** What the task asks **
Output the data below exactly, without images.

** Data **
* * *
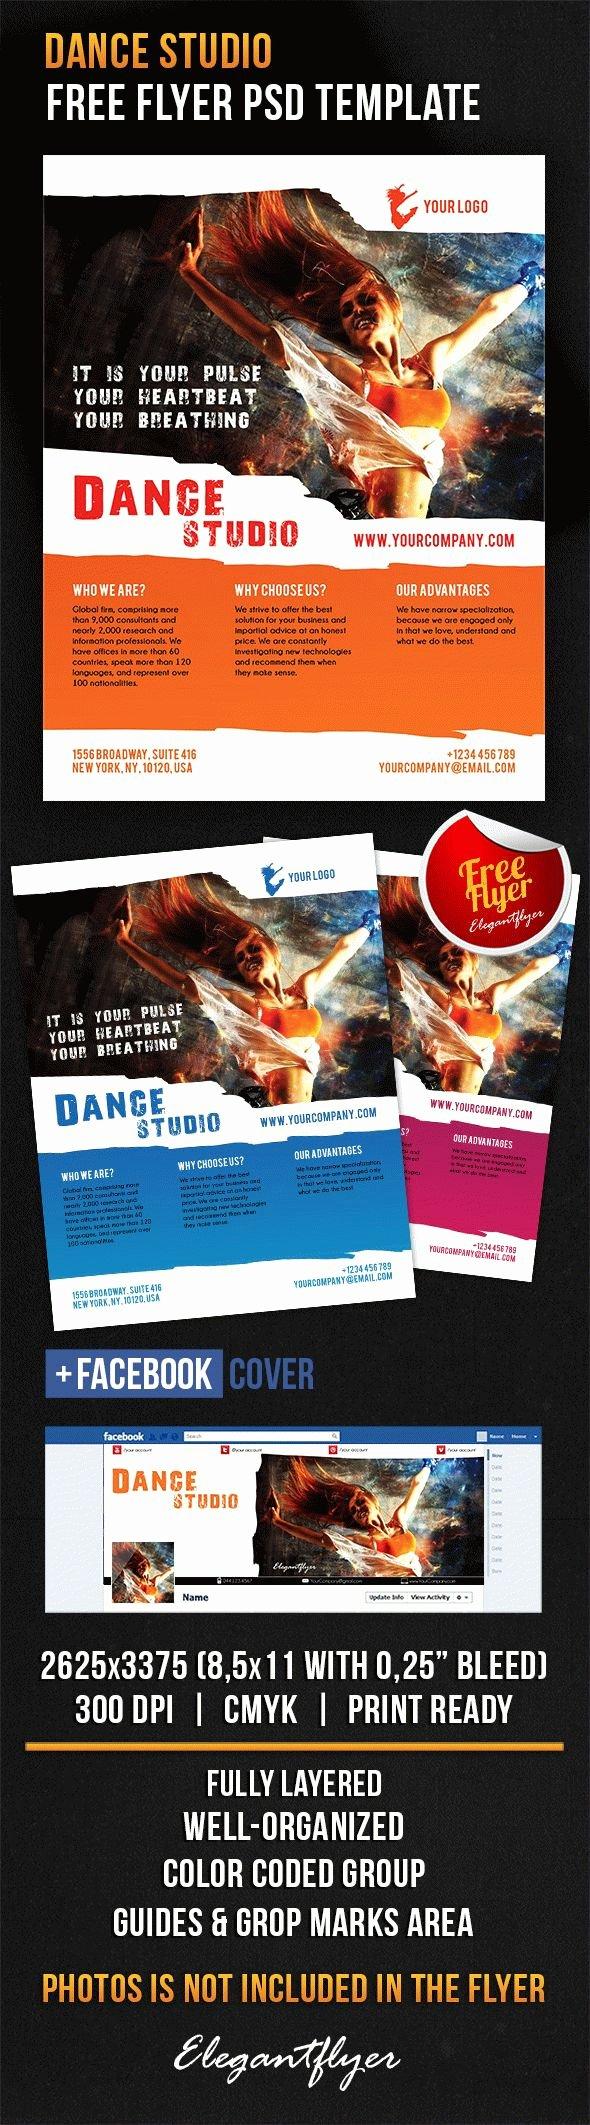 Get Free Flyer Template Shop Dance Studio
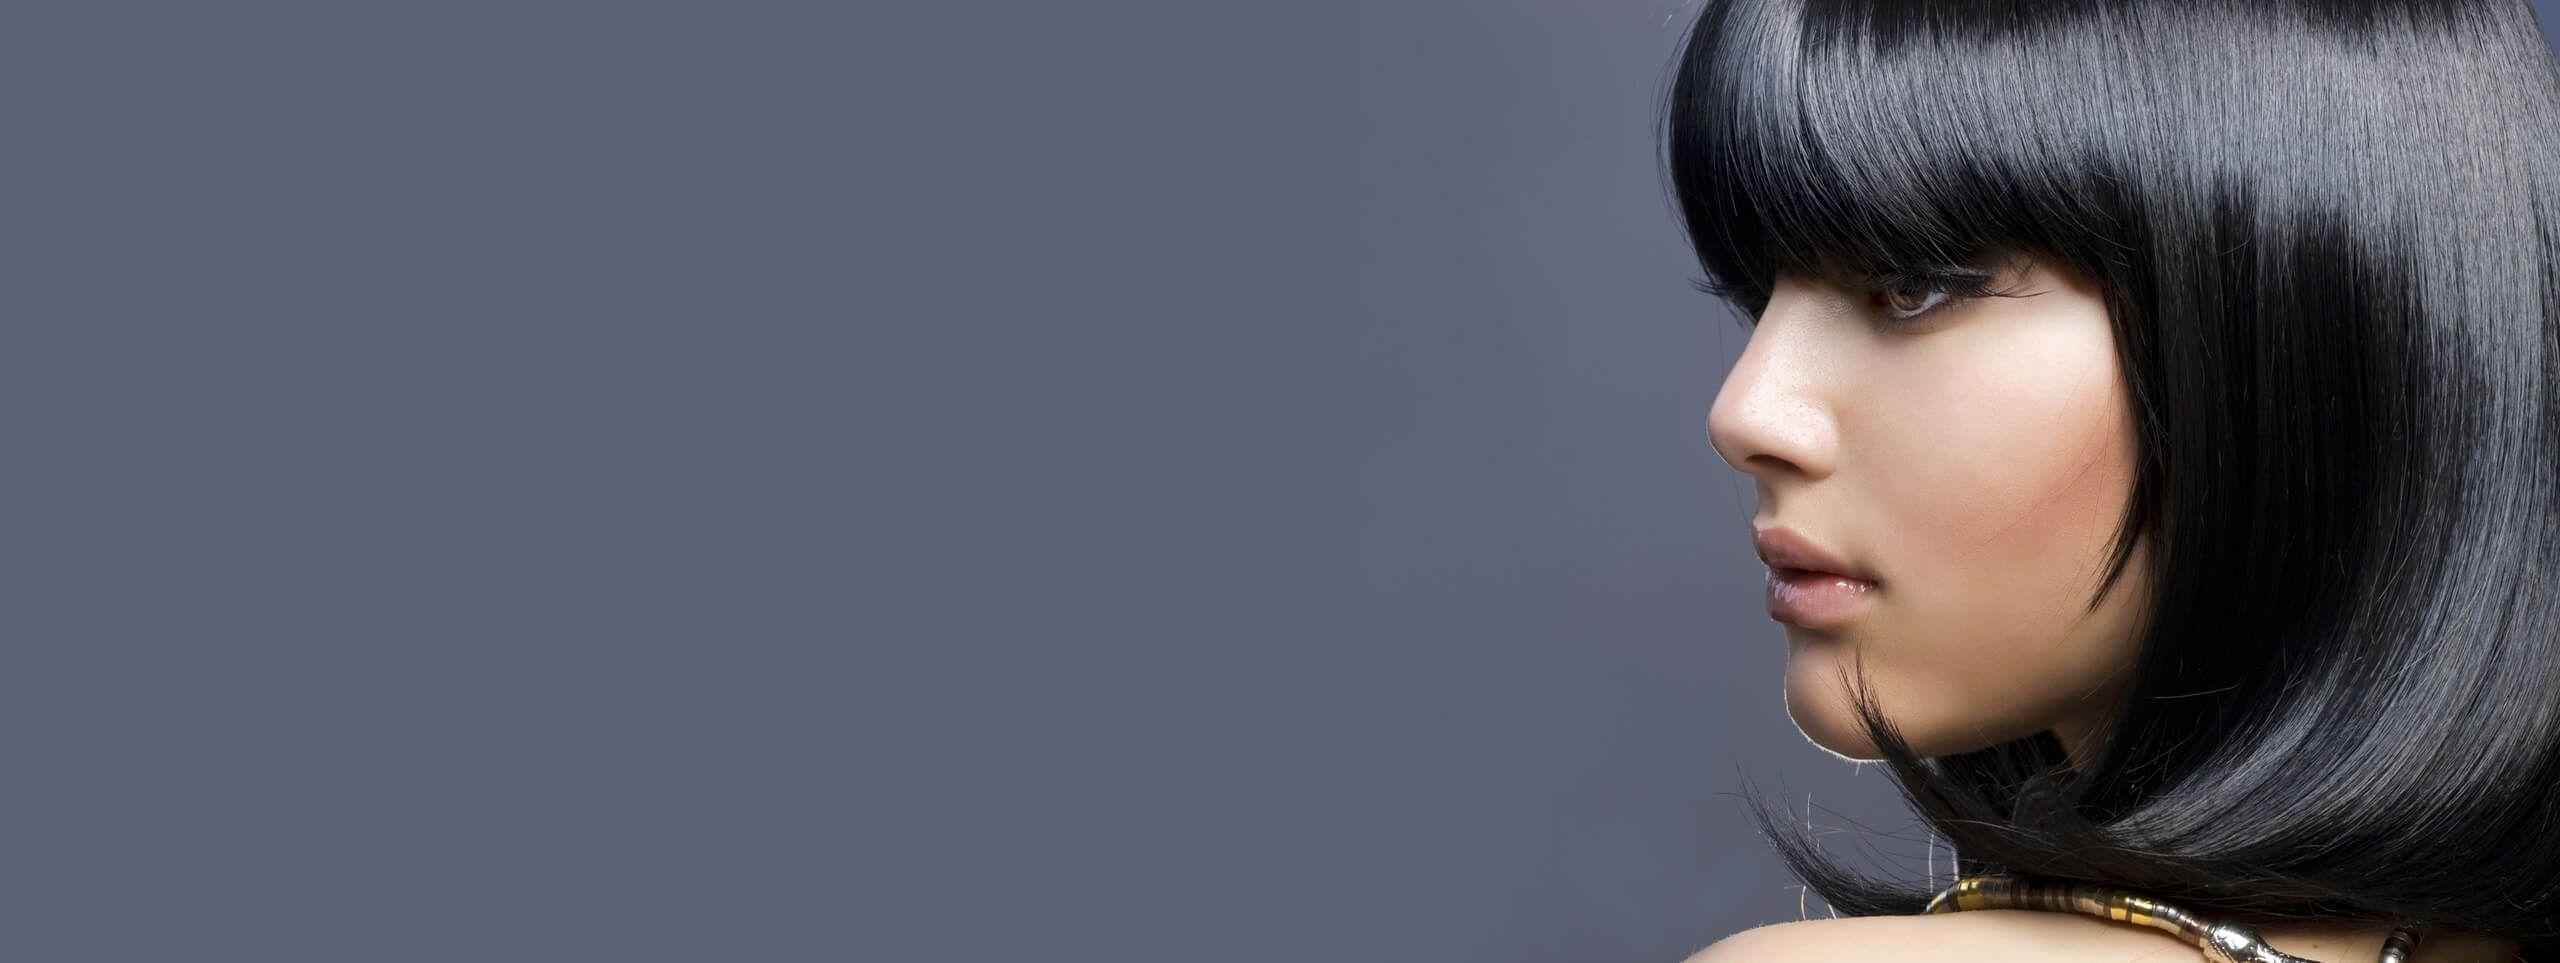 Modelka z gładkimi czarnymi włosami
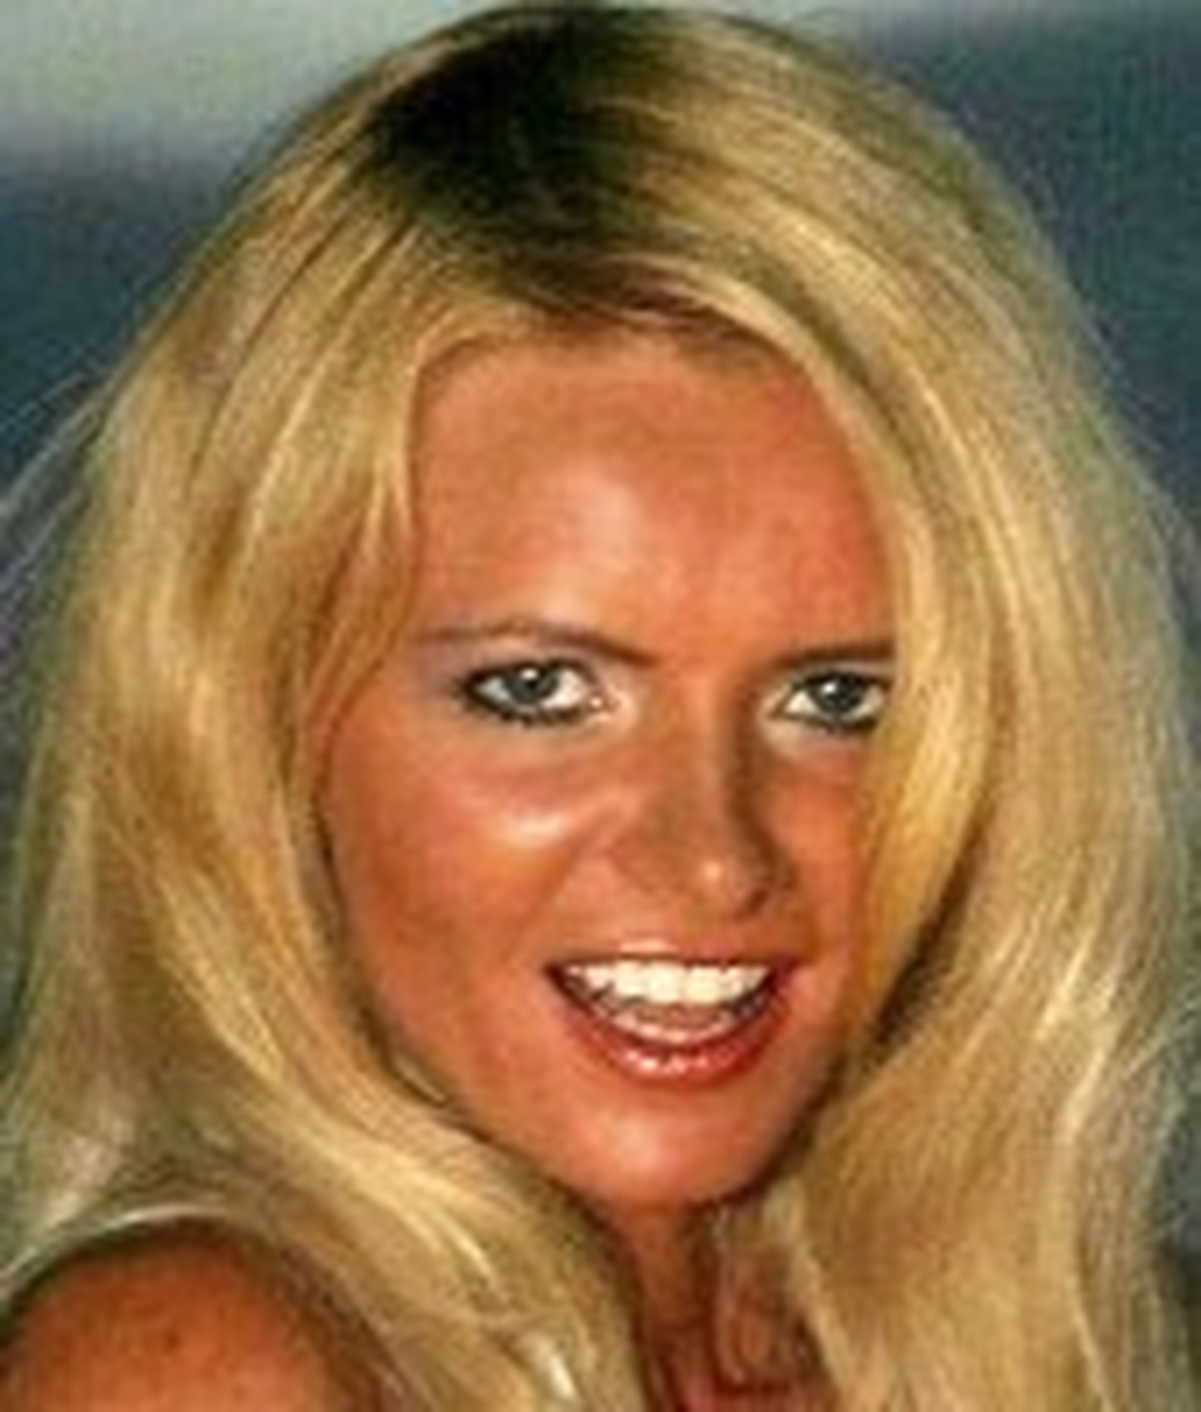 Nicometta Blue Porn nicoletta blue wiki & bio - pornographic actress
* * *
** Answer area **
 Get Free Flyer Template Shop Dance Studio
 Modelka z gładkimi czarnymi włosami
 Nicometta Blue Porn nicoletta blue wiki & bio - pornographic actress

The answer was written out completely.